Bergliot went still and quiet, her eyes bright in the firelight and so close to tears, it seemed to Crowbone, that he felt ashamed at having been so snarling.

‘She did tell me stories, though,’ he added lamely and the tension slid away from the fire. Bergliot wavered up a smile.

‘Long ago in Lord Novgorod the Great, lived a young musician,’ Crowbone said suddenly and there was a wind of sighing as those closest leaned in to hear better. ‘Every day, a rich merchant or noble would send a messenger to this man’s door, calling him to play at a feast. The musician would grab his twelve-string
gusli
and rush to the banquet hall and make them dance. The host would pass him a few small coins and let him eat his fill from the leftovers – on such as he was given did the musician live.’

‘My life entirely,’ said the owner of the
gusli
sadly, a man called Hrolfr, and those who knew him laughed.

‘Then you will know this man’s friends,’ Crowbone went on, ‘who would often ask how he could survive on so little. “It’s not so bad,” the man would reply. “I go to a different feast each day, play the music I love and watch it set a whole room dancing.”’

Crowbone paused. ‘Now that I think of it, I am sure – more than sure – that his name was Hrolfr.’

People laughed at that and clapped the man from Novgorod on the back, he beaming back at them. Crowbone saw Bergliot, her eyes round and bright as an owl.

‘Yet,’ Crowbone went on as more men filtered quietly in, attracted by the news that a story was being told, ‘sometimes Hrolfr was lonely.
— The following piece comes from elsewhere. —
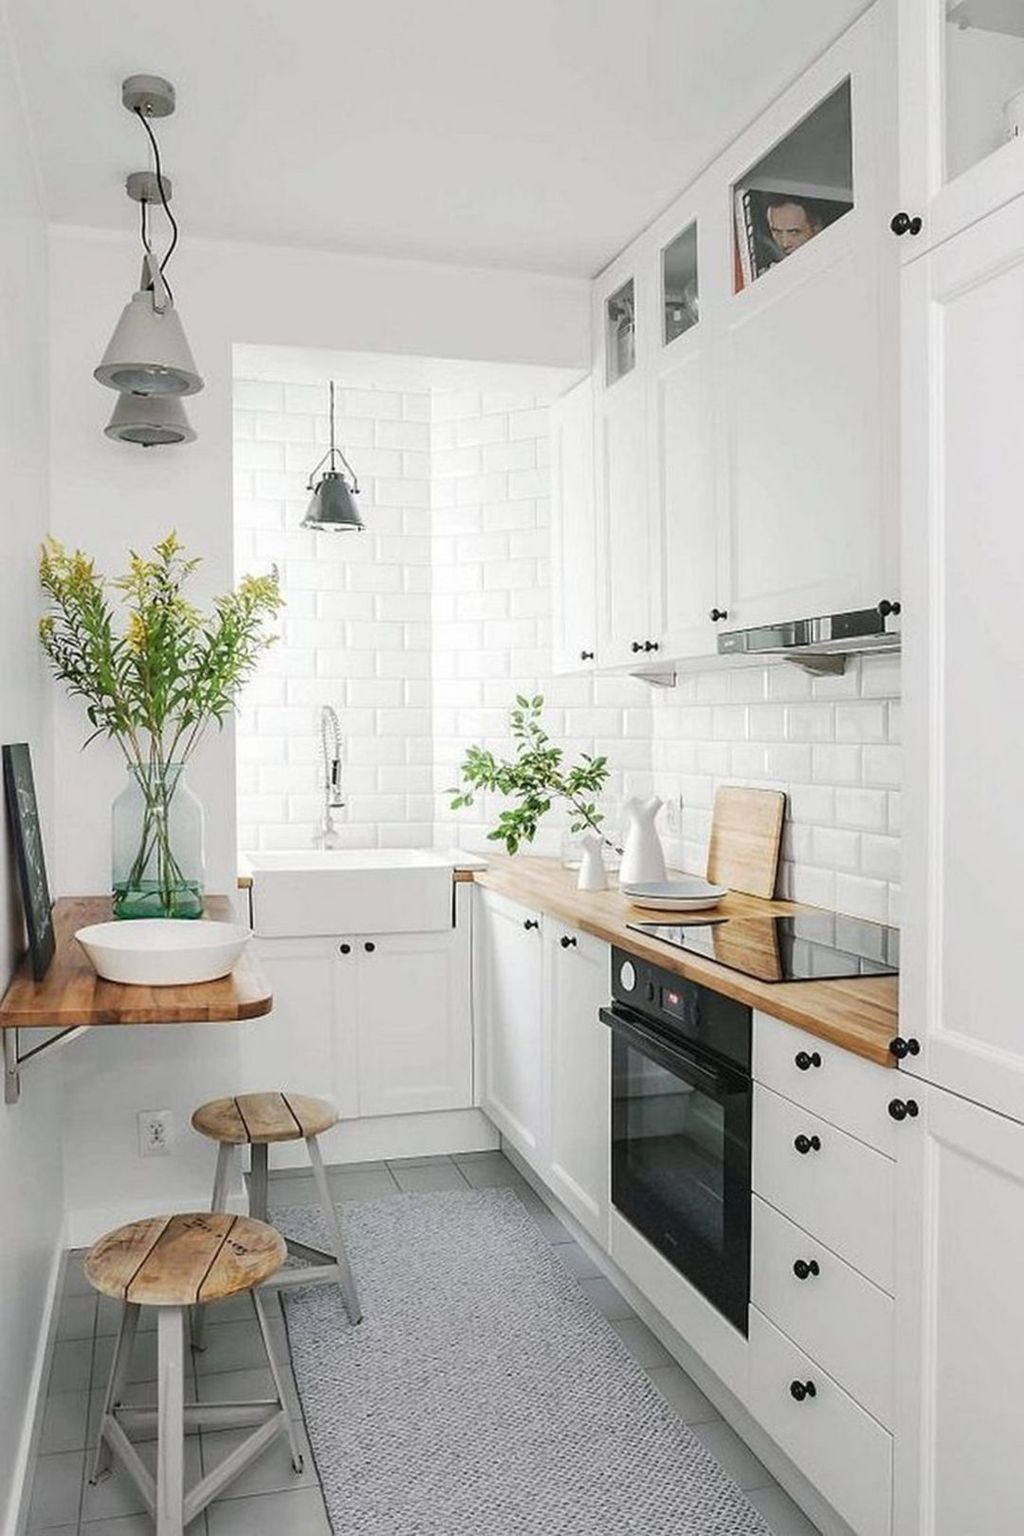 Enchanting Kitchen Design Ideas For Small Spaces16

The maidens who danced gaily to his music at the feasts would often smile at him and more than one had set his heart on fire. But they were rich and he lived on thrown coins and leftovers and not one of them would think of being his.

‘One lonely evening, Hrolfr walked sadly beyond the city walls and down along the broad River Volkhov. He came to his favourite spot on the bank and set his
gusli
on his lap. “My lovely River Volkhov,” he said with a sigh. “If only you were a woman, I’d marry you and live with you here in the city I love.”’

‘It is true,’ Hrolfr burst out. ‘Is there another city such as Lord Novgorod the Great in all the world? Is there any better place to be?’

‘Silent is a better place to be,’ growled Stick-Starer from the shadows and Hrolfr, prepared to argue the point, was patted and soothed to be quiet.

‘Hrolfr played and the notes of his
gusli
floated over the Volkhov,’ Crowbone continued. ‘All at once a large shape rose from the water and Hrolfr yelled with fear. Before him stood a huge man, with a crown crusted with jewels like barnacles, with a great neck veil of pearls and, under it, a flowing mane of seaweed hair. “Musician,” said the man, “behold Aegir, King of the Waters. To this river I have come to visit one of my daughters, the Princess Volkhova. Your sweet music reached us on the river bottom, where it pleased us greatly.” It was all Hrolfr could do to stammer his thanks.